技術選定のショートカット — ゴールデンスタック
個人開発で売上を作るなら、技術選定で悩む時間がもったいない。
Next.js + Supabase + Stripe
この組み合わせを「ゴールデンスタック」と呼んでいる。理由は3つ。
1. 無料枠が強い
- Vercel: 月100GBまで無料
- Supabase: 500MBストレージ + 50,000 MAU無料
- Stripe: 固定費¥0(決済手数料3.6%のみ)
初期コスト¥0でSaaSを運営できる。 これが個人開発にとって決定的に重要。
2. 型安全で開発速度が速い
- TypeScript + Supabaseの型自動生成
- Next.js App Routerのフルスタック開発
- 1人でフロント・バック・インフラ全部触れる
3. 実績が豊富
- 「Next.js Supabase SaaS」で検索すれば記事が大量にある
- エラーが出てもStack Overflowで解決できる
- ドキュメントが日本語対応
LP・決済・集客のチェックリスト
LP: 最低限の4要素
- ファーストビュー: 「誰の・何の問題を・どう解決するか」が3秒でわかる
- 価格: 隠さない。ページ上部に明示する
- CTA: 「購入する」ボタンが目立つ場所にある
- FAQ: 「返金は?」「技術サポートは?」最低3つ
LPで一番大事なのはファーストビュー。ここで離脱されたら、下のどんなに良いコンテンツも読まれない。
Stripe: テスト→本番の切り替え
- テストモードで
Checkout Sessionを実装 - テストカード(
4242 4242 4242 4242)で決済フロー確認 - Webhookで
checkout.session.completedを処理 - 本番APIキーに差し替え
- 実際のカードで¥100の決済テスト → 即返金
集客導線: 技術記事 → ブログ → LP → 決済
Qiita/Zenn技術記事
↓ 「詳しくはブログで」
ブログ(SEO記事)
↓ 「実際に使えるテンプレートはこちら」
LP(商品ページ)
↓ 「購入する」
Stripe決済
この導線を作るだけで、検索からの自然流入で購入が発生するようになる。
正直に書く。自作SaaSを¥9,800で販売開始した当初、売上は¥0だった。
プロダクト自体はちゃんと動く。Next.js + Supabase + Stripe の認証・決済・LP・多言語が全部入ったスターターキット。技術的には自信があった。

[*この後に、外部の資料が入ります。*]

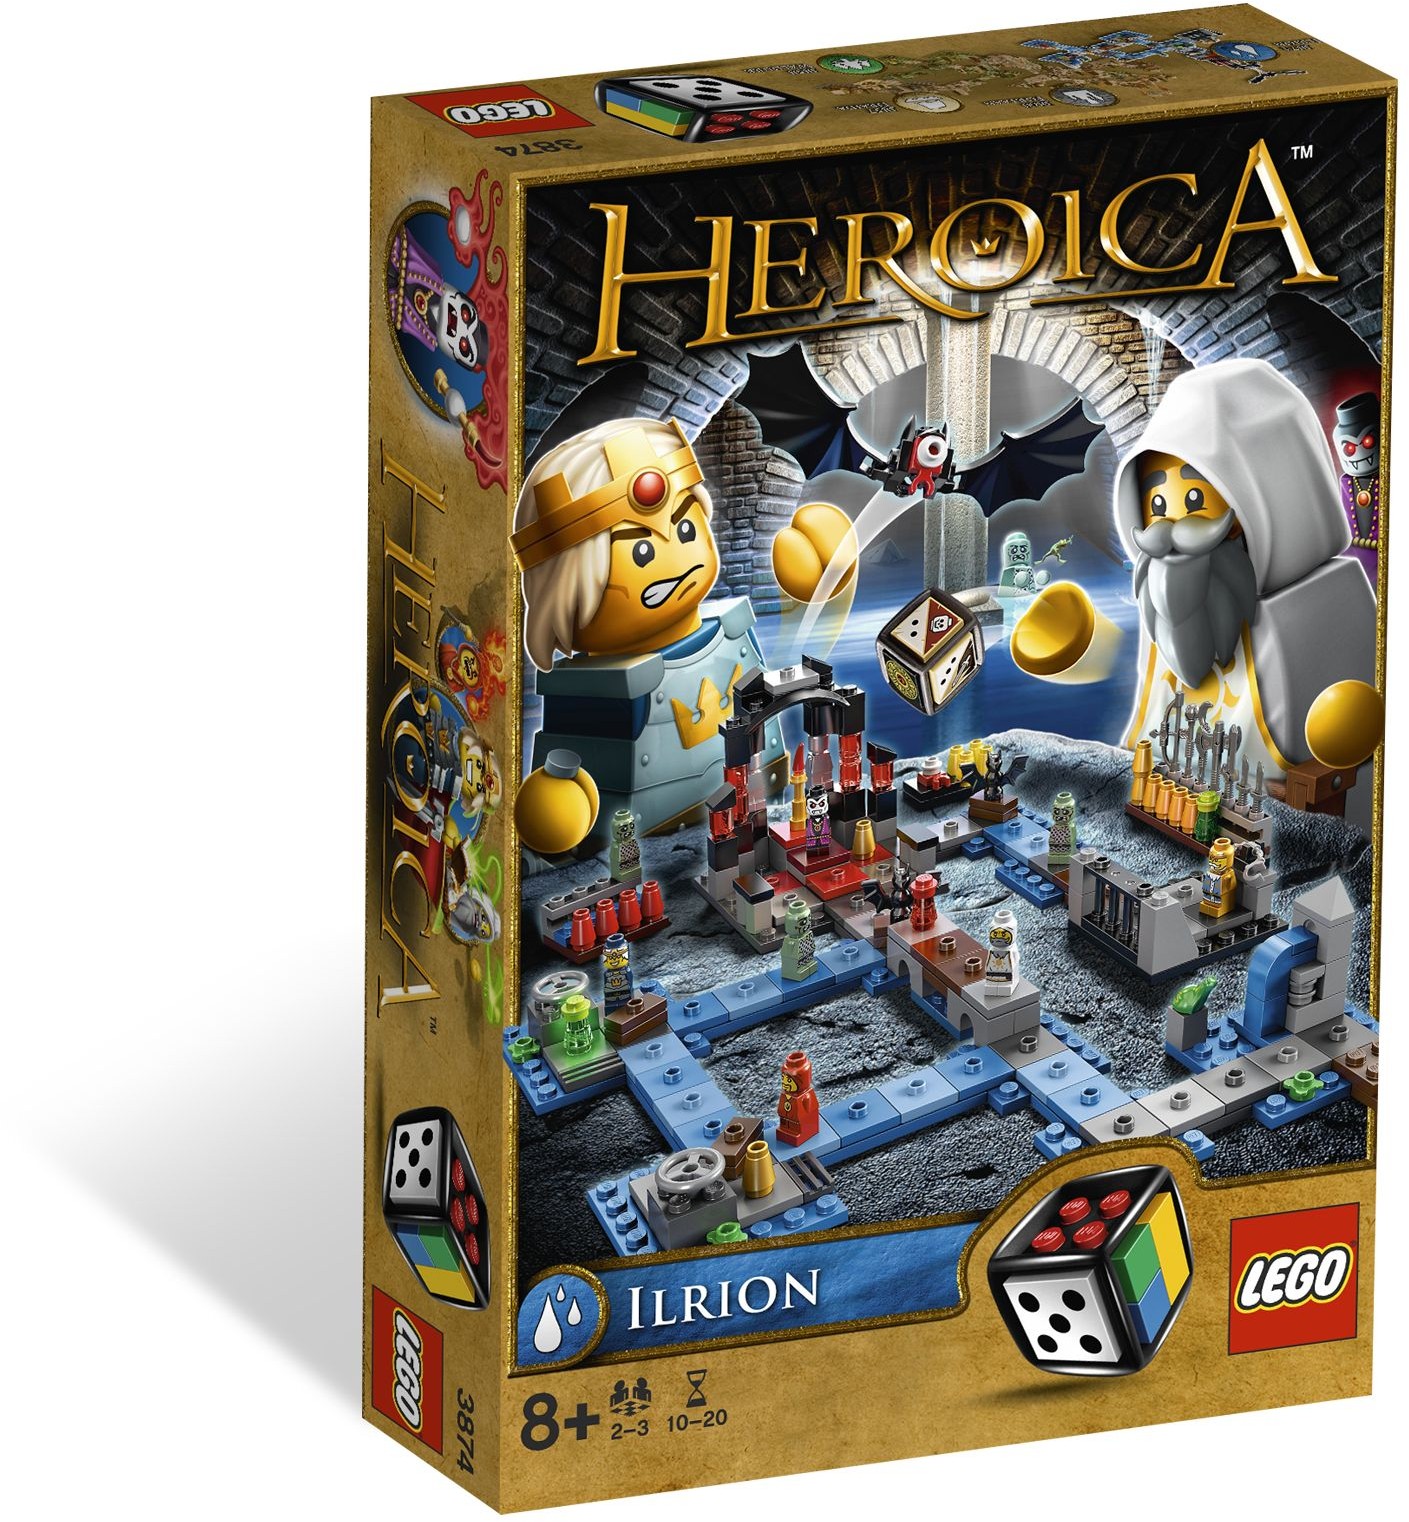 Games | Heroica | Brickset: LEGO set

でも売れなかった理由は単純で、LPが弱かったのと導線がなかったこと。
改善したこと:
- LPのファーストビューを「何ができるか」から「何が解決されるか」に書き換えた
- Qiita/Zennに技術記事を書いて、記事末尾にLPへのリンクを置いた
- ブログ(masatoman.net)でSEO記事を書いて、検索からの流入を作った
これで初めて購入が発生した。技術を磨く必要はなかった。必要だったのは「売る仕組み」を作ることだった。
コスト vs 時間のトレードオフ
個人開発SaaSを立ち上げるとき、2つの選択肢がある。
全部自分で作る場合
- 認証(NextAuth / Supabase Auth): 2-3日
- Stripe決済連携: 2-3日
- LP作成: 2-3日
- 多言語対応: 2-3日
- デプロイ・ドメイン設定: 1日
- 合計: 3-4週間
技術力があるなら全然できる。ただし、3-4週間は「売上¥0」のまま。
テンプレートから始める場合
- テンプレートをclone: 30分
- 環境変数設定: 1時間
- コンテンツ・デザイン変更: 2-3日
- デプロイ: 1時間
- 合計: 1週間以下
差分の2-3週間で、集客やコンテンツ作成に時間を使える。
判断基準
- 「認証・決済の実装を学びたい」 → 自分で作る(学習目的なら正しい)
- 「早く売上を作りたい」 → テンプレートから始める(ビジネス目的なら合理的)
どっちが正解ということはない。自分の目的に合った方を選べばいい。
ただ一つだけ言えるのは、「作る時間」と「売る時間」は別物だということ。技術的なことに3-4週間使った後に、さらに集客で数週間かかる。テンプレートで短縮できる部分は短縮して、「売る仕組み」に時間を使う方が、売上が立つのは早い。
まとめ — 今日からやること
「作れるけど売れない」を終わらせるのに、新しい技術を学ぶ必要はない。
必要なのは:
- 機能を3つに絞る(認証・決済・コア機能)
- LPを先に作る(ファーストビュー + 価格 + CTA)
- 決済を最初から組み込む(Stripeテストモード → 本番)
- 導線を作る(技術記事 → ブログ → LP)
この4つを4週間でやる。それだけで「売上が発生する状態」は作れる。